THE HOPSCOTCH METHOD
A very common troubleshooting method is called the hopscotch method. As the name implies, you jump from one component to another until the open part of the circuit is found. In the example in Figure 40–10, the voltmeter is connected across the coil of contactor CC. To use the hopscotch method of troubleshooting, leave one voltmeter probe connected to one side of the transformer and connect the other probe on the other side of the next component in line, Figure 40–11. If the voltmeter indicates 24 volts, it means that the flow switch is open and preventing the compressor contractor from energizing. If the voltmeter indicates 0 volts, it means that there is still an open condition somewhere else in the circuit that is preventing the voltmeter from receiving a flow or current. The 0 volt reading does not mean that contact FL is closed. Contact FL could be open but there is something else open in the circuit ahead of it. In this example, it will be assumed that the voltmeter indicates 0 volt.
The next step is to hopscotch to the next component, which is the low pressure switch, Figure 40–12. If the voltmeter indicates a voltage of 24 volts, it is an indication that the low pressure switch is open. If the voltmeter indicates 0 volts, the voltmeter probe should be moved across the next component in line. For this example it will be assumed that the voltmeter indicates a voltage of 24 volts. The next step is to determine if the switch is defective or if the system is low on refrigerant.
THE OHMMETER
The ohmmeter is generally used in two primary ways:
1. To measure the amount of resistance in a circuit.
2. To test a circuit for continuity.
Assume that a service technician is sent on a service call. The only information given is that the air conditioner will not run. Using the same circuit in the previous example, assume that the technician places a jumper across the thermostat and discovers that the condenser fan operates but the
compressor does not. Now assume that he discovers that the compressor contactor is energized. The first step would be to test the voltage across the run/ start and common terminals of the compressor, Figure 40–13. It will be assumed that the voltmeter indicates a value of 240 volts.
The next step is to make mental notes of what could cause this problem.
1. The compressor windings are open.
2. The overload relay is tripped.
Assume that the overload is checked and found not to be tripped. The next step is to check the compressor run and start windings for continu- ity and resistance. This is done by connecting one probe of an ohmmeter to the common terminal of
the compressor and the other terminal to the run and start terminals one at a time, Figure 40–14. The ohmmeter should indicate continuity between the common terminal and the run terminal and continuity between the common terminal and the start terminal. If it does not, it is an indication that the winding is open.

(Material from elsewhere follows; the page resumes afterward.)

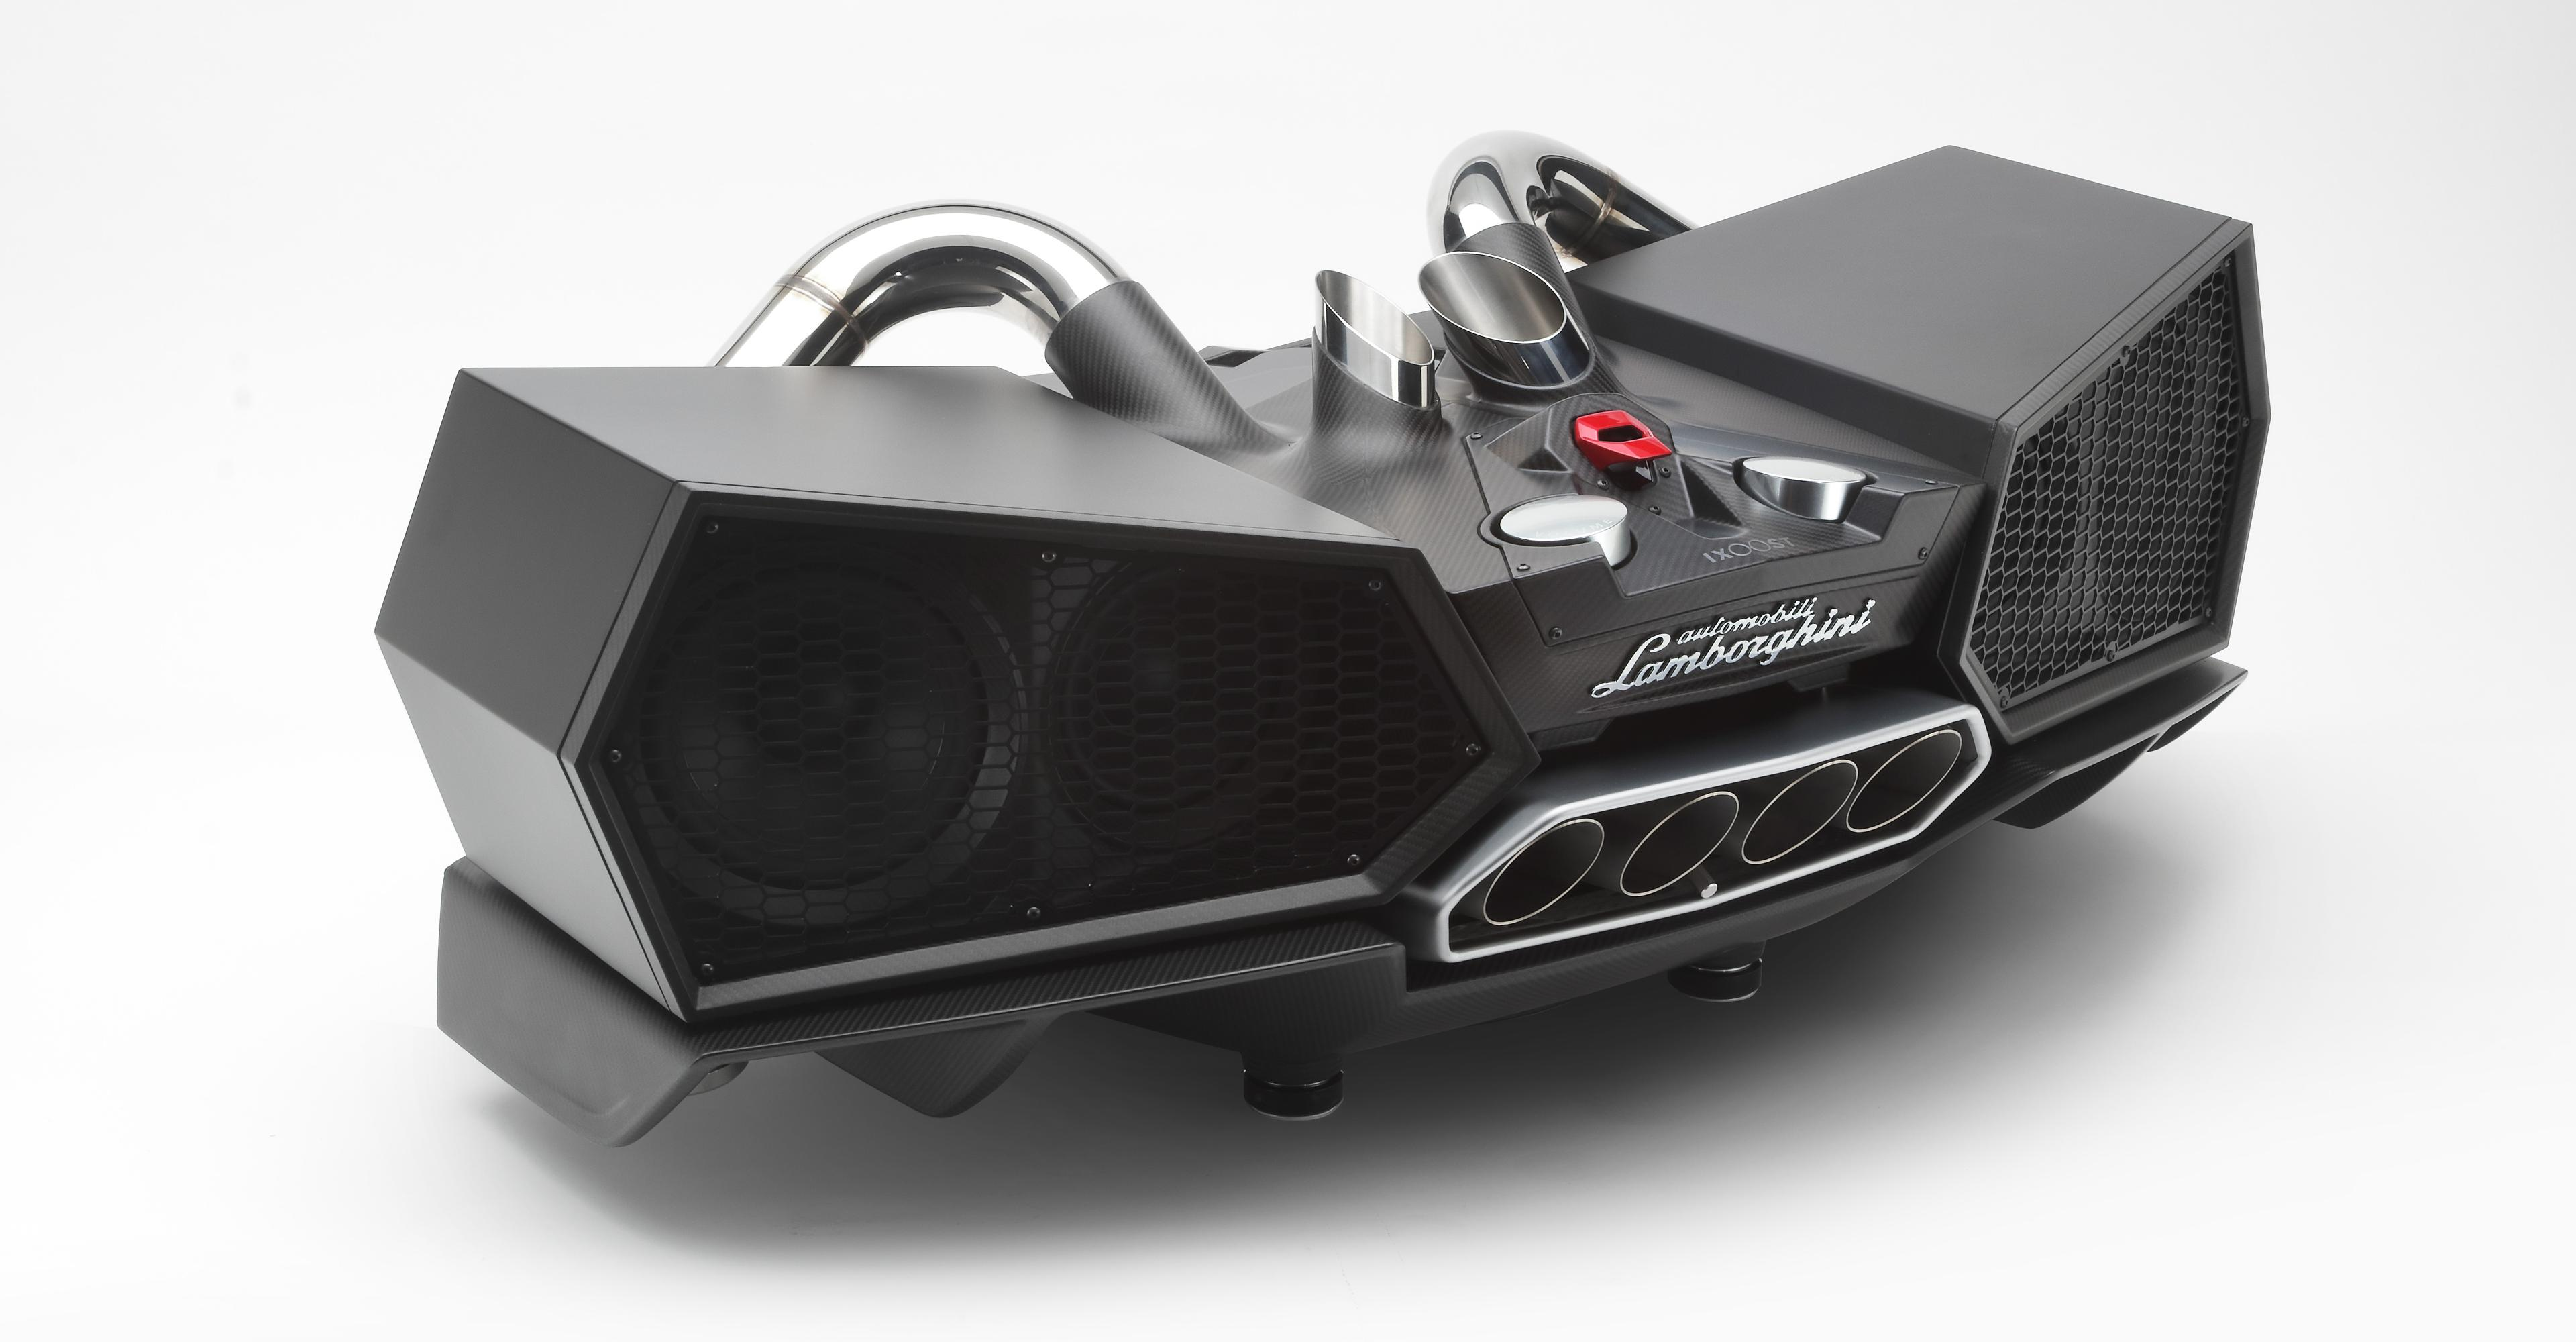 EsaVox: A Lamborghini-Infused Audio System

The resistance reading will generally give some indication as to the state of the winding, although trying to determine if a winding is shorted with an ohmmeter is a guess at best. The actual resistance of the winding is determined by the size and type of compressor motor and will probably not be known
by the service technician, but some general guide- lines can be followed.
1. If the resistance of either winding is extremely low as compared with the other, there is a good possibility that the winding is shorted.
2. The start winding should be a little more resistive than the run winding.
The run and start windings should also be tested to ensure that they are not grounded. This can be done by connecting one side of the ohmmeter probe to the case of the compressor and testing for continuity to each winding, Figure 40–15. The ohmmeter should indicate infinite resistance if the winding are not grounded.
Another type of ohmmeter, called a megohmmeter or “megger,” is often used to test the insulation of
wire, Figure 40–16. The megohmmeter is designed to measure resistance in the range of millions of ohms. It is generally used to test the insulation of wire and also produces a much higher voltage than a standard ohmmeter. Often, the insulation around wire will appear to be good when tested with an ohmmeter, but breaks down when it is subjected to a high voltage. Ohmmeters generally use from 1.5 to 9 volts to supply current to the circuit being tested. Meggers generally Muse from 500 to 1,000 volts to supply current to the circuit being tested. This higher voltage will often reveal problems that a low voltage will not.